Domain-specific hardware accelerators (DSAs, DLA, PVA) are a set of special-purpose hardware engines that realize multitasking, high efficiency, and low power characteristics of the computing engine. The computer vision and deep learning cluster includes two main engines: programmable vision accelerator PVA and deep learning accelerator DLA (the DLA processor has been removed in the latest mid-range computing Orin n chip).
PVA is the second-generation NVIDIA visual DSP architecture, a special application instruction vector processor designed specifically for computer vision, ADAS, ADS, and virtual reality systems. PVA has several key elements that adapt well to prediction algorithm domains, with low power consumption and latency. Orin-x requires internal R cores (Cortex-R5) subsystems for PVA control and task monitoring.

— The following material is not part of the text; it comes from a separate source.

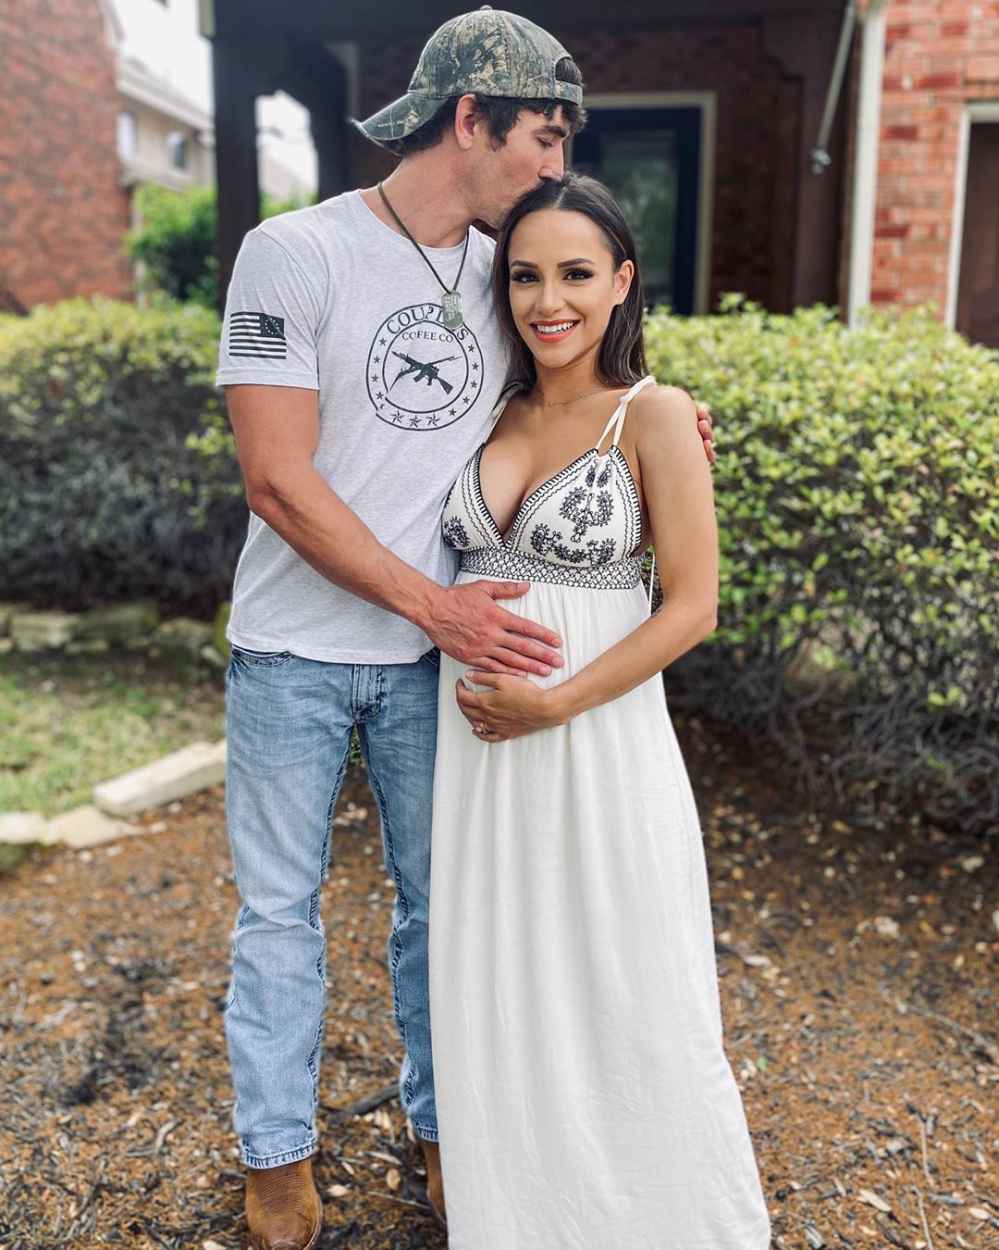 Big Brother Jessica Graf and Cody Nickson Reveal Sex of Baby Number 2

A PVA cluster can perform the following tasks: a bidirectional vector processing unit (VPU) with vector cores, instruction cache, and 3 vector data storage units. Each unit has 7 visible slots, containing both scalar and vector instructions. Additionally, each VPU has a storage capacity of 384 KBytes.

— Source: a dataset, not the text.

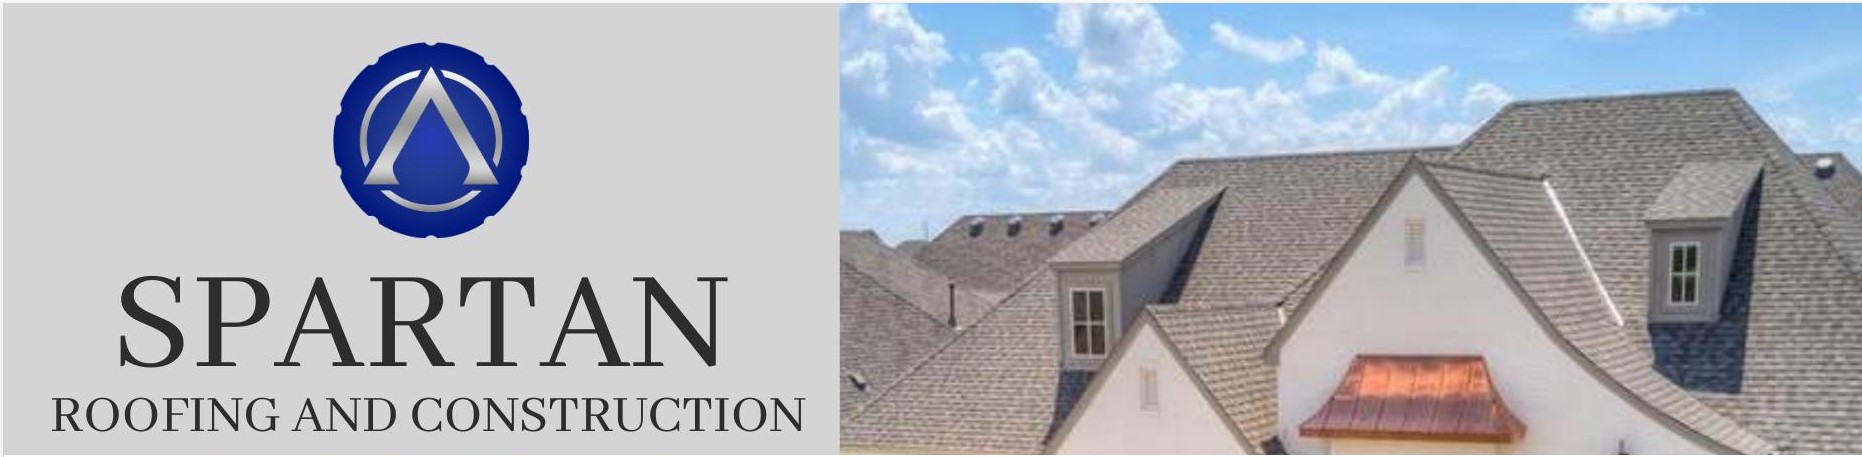 Spartan Roofing and Construction Inc.

DLA is a fixed-function engine used to accelerate inference operations in convolutional neural networks. Orin-x has a dedicated DLA to implement the second-generation NVIDIA DLA architecture. DLA supports accelerating convolution, deconvolution, activation, pooling, local normalization, and fully connected layers of CNN layers. Ultimately supporting optimized structured sparsity, deep convolution, and a dedicated hardware scheduler to maximize efficiency.
2.4 Second-Generation Vision Accelerator PVA and VIC
Orin also includes a Gen 4.2 video imaging compositor (Video Imaging Compositor, VIC) 2D engine, supporting image processing functions such as lens distortion correction and enhancement, temporal denoising, video clarity enhancement, pixel processing (color space conversion, scaling, blending, and compositing).
To call multiple hardware components (PVA, VIC, CPU, GPU, ENC, etc.) on the Orin SoC, NVIDIA developed the Vision Programming Interface (VPI). As a software library, VPI includes various image processing algorithms (such as frame filtering, convolution, image rescaling, and remapping) and computer vision algorithms (such as Harris corner detection, KLT feature tracking, optical flow, background subtraction, etc.).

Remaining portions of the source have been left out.